Thursday, June 21, 2012

I D E A L


I like to remind everyone I meet that swallowing is not natural. A characteristically exasperating conversational habit, especially during meals, which is just when I bring it up. Like saying during coitus that biological imperatives have no intrinsic normative force. Mood breaks when necessity falls away (and with clunky academic diction). When small you can choose not to swallow. You would starve.

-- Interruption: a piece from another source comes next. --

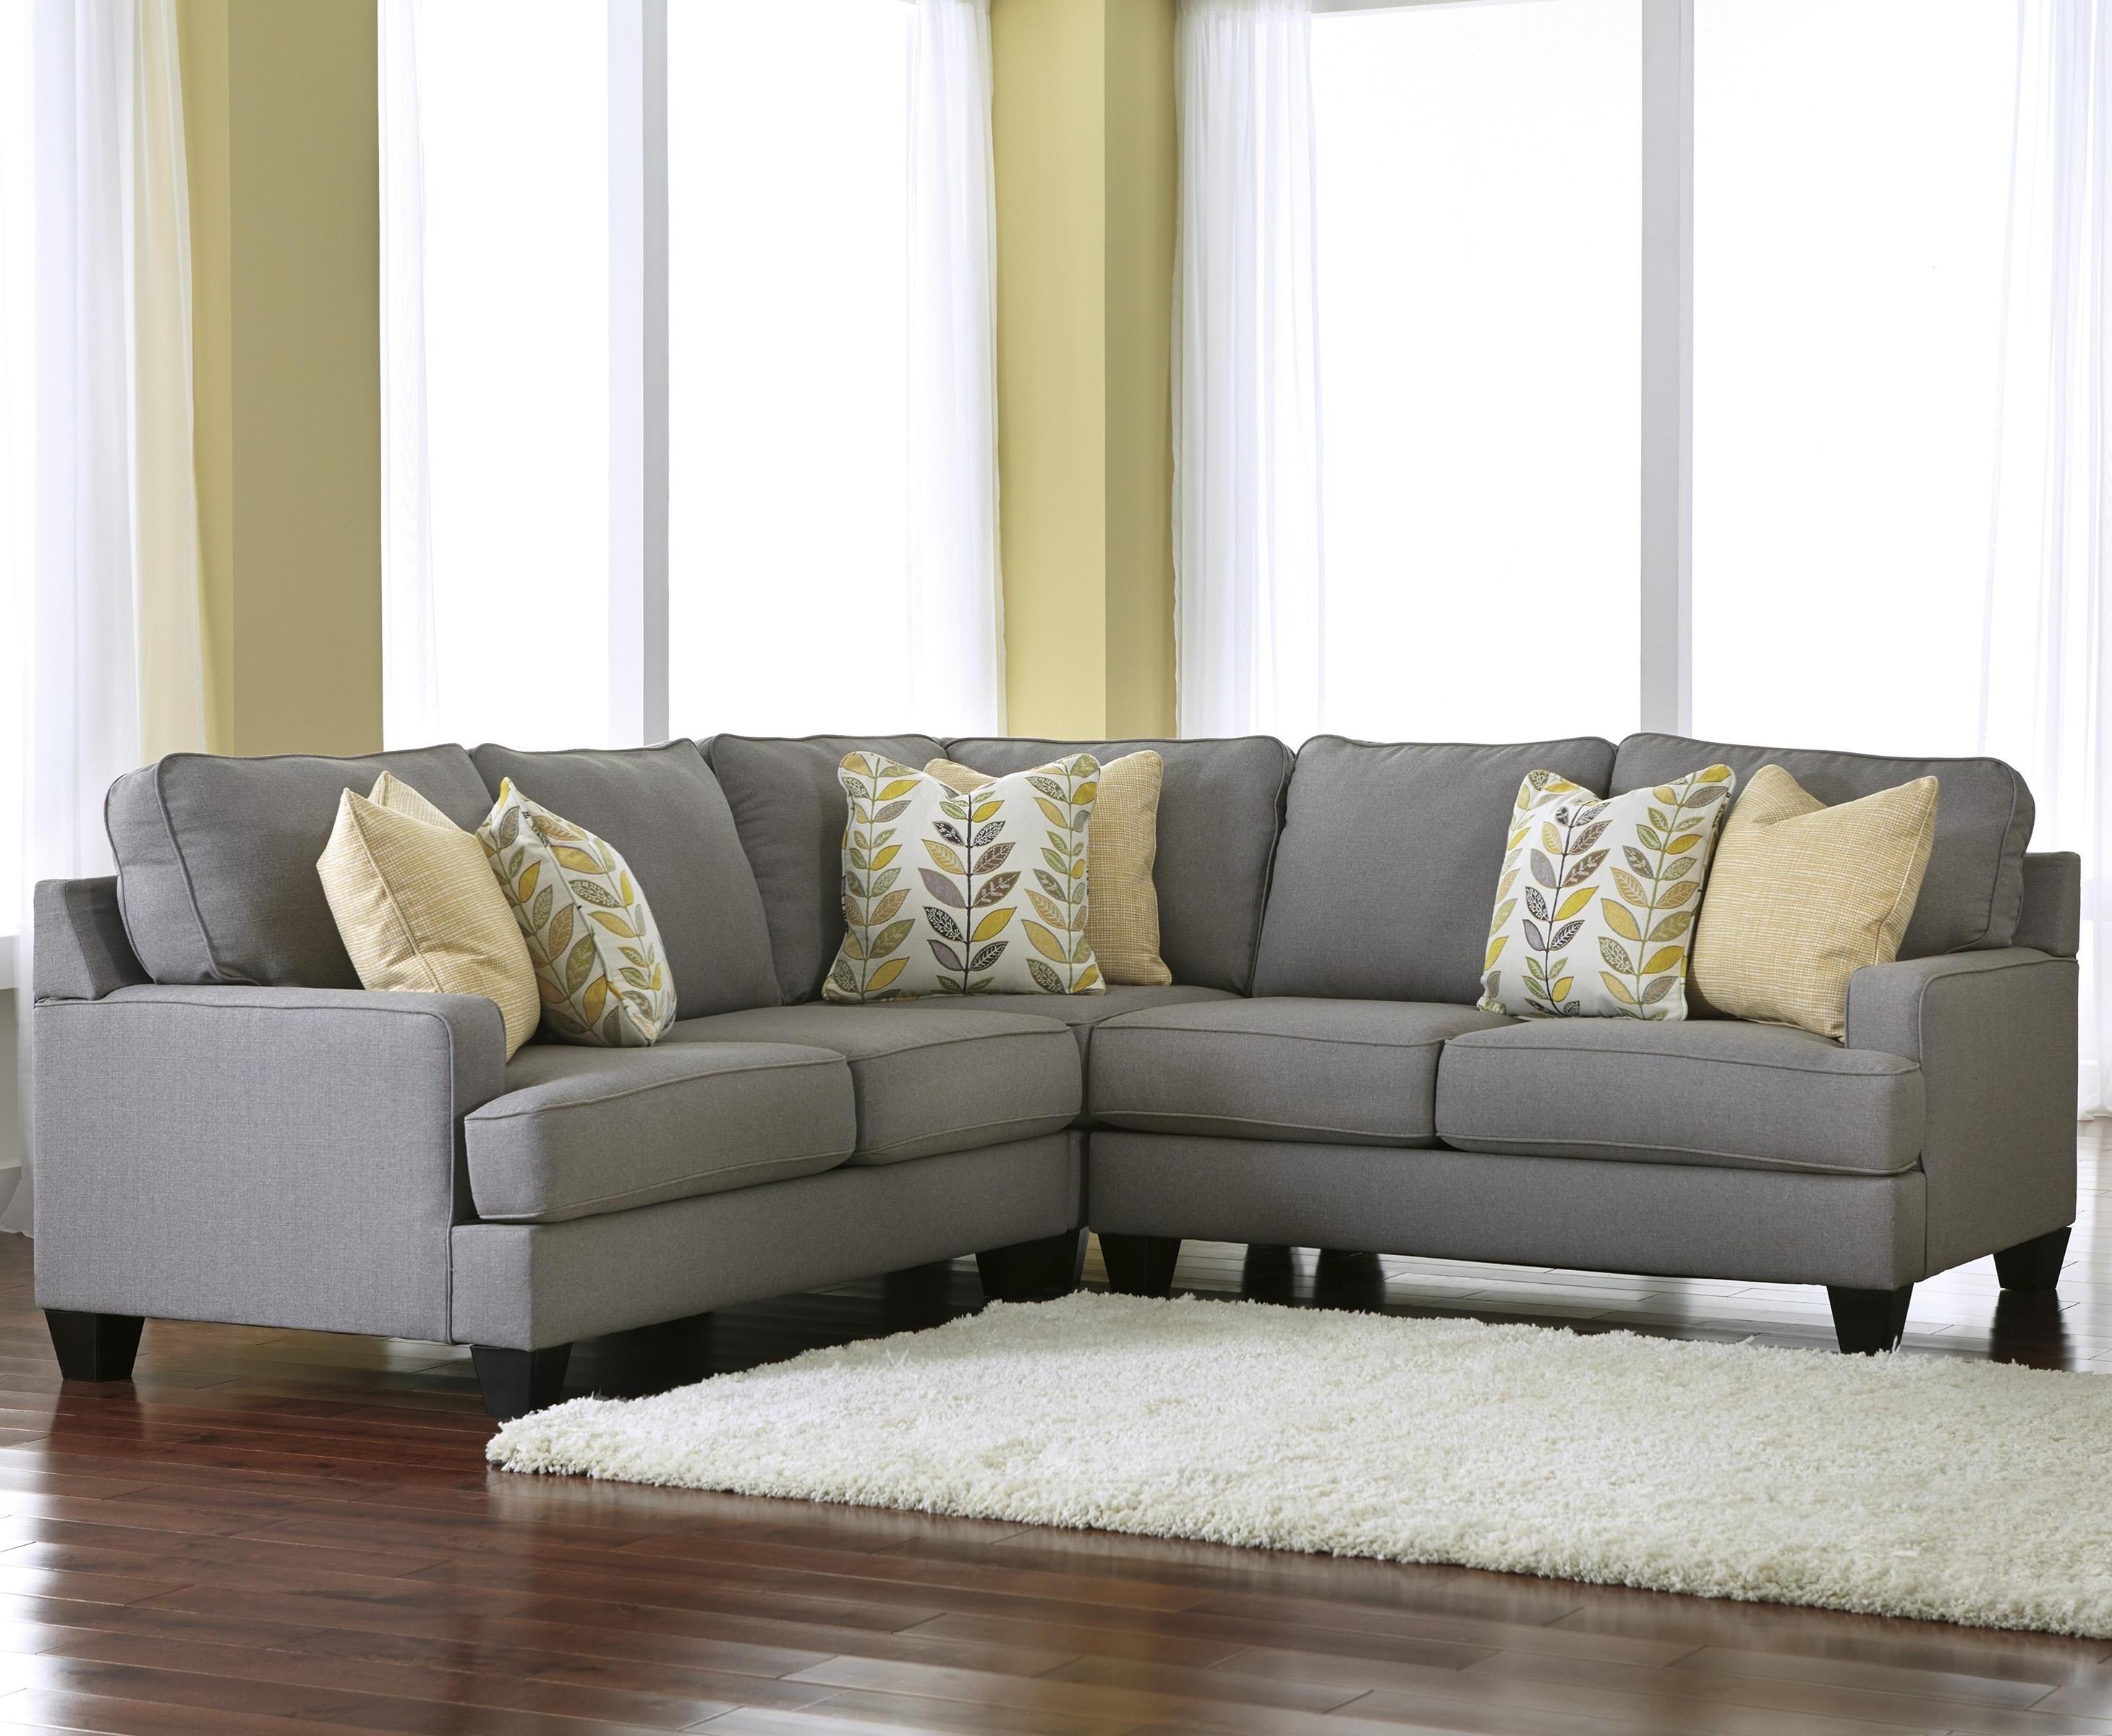 Signature Designashley Chamberly – Alloy Modern 3 Piece Corner For Latest Jonesboro Ar Sectional Sofas (View 12 of 15)

It's preferable to glide over such things. Pleasure in spinning the primal. The centrifical force of the everyday considerable; it's a wonder we aren't always dizzy. A restaurant on the beach in Santa Cruz endeavors to fling its customers into the breakers. With wide-set capitals it declares itself IDEAL. Its menu more specific, the cover a black and white photo of a shapely woman in a bathing suit, holding a tall salmon in each hand, her pose bent at one knee, her eyes smiling (as the photographed must be). My uncle, drawn by the $4.95 breakfast special, says "look at the size of those salmon." Inside the restaurant the gaze is deflected in the same way. Look at the size of those plates (carried by waitresses no older than eighteen in mandatory short shorts). One jump over two messes. Do greasy eggs, potatoes, and bacon go down easier when served by nubiles? That would be IDEAL, crossing its fingers.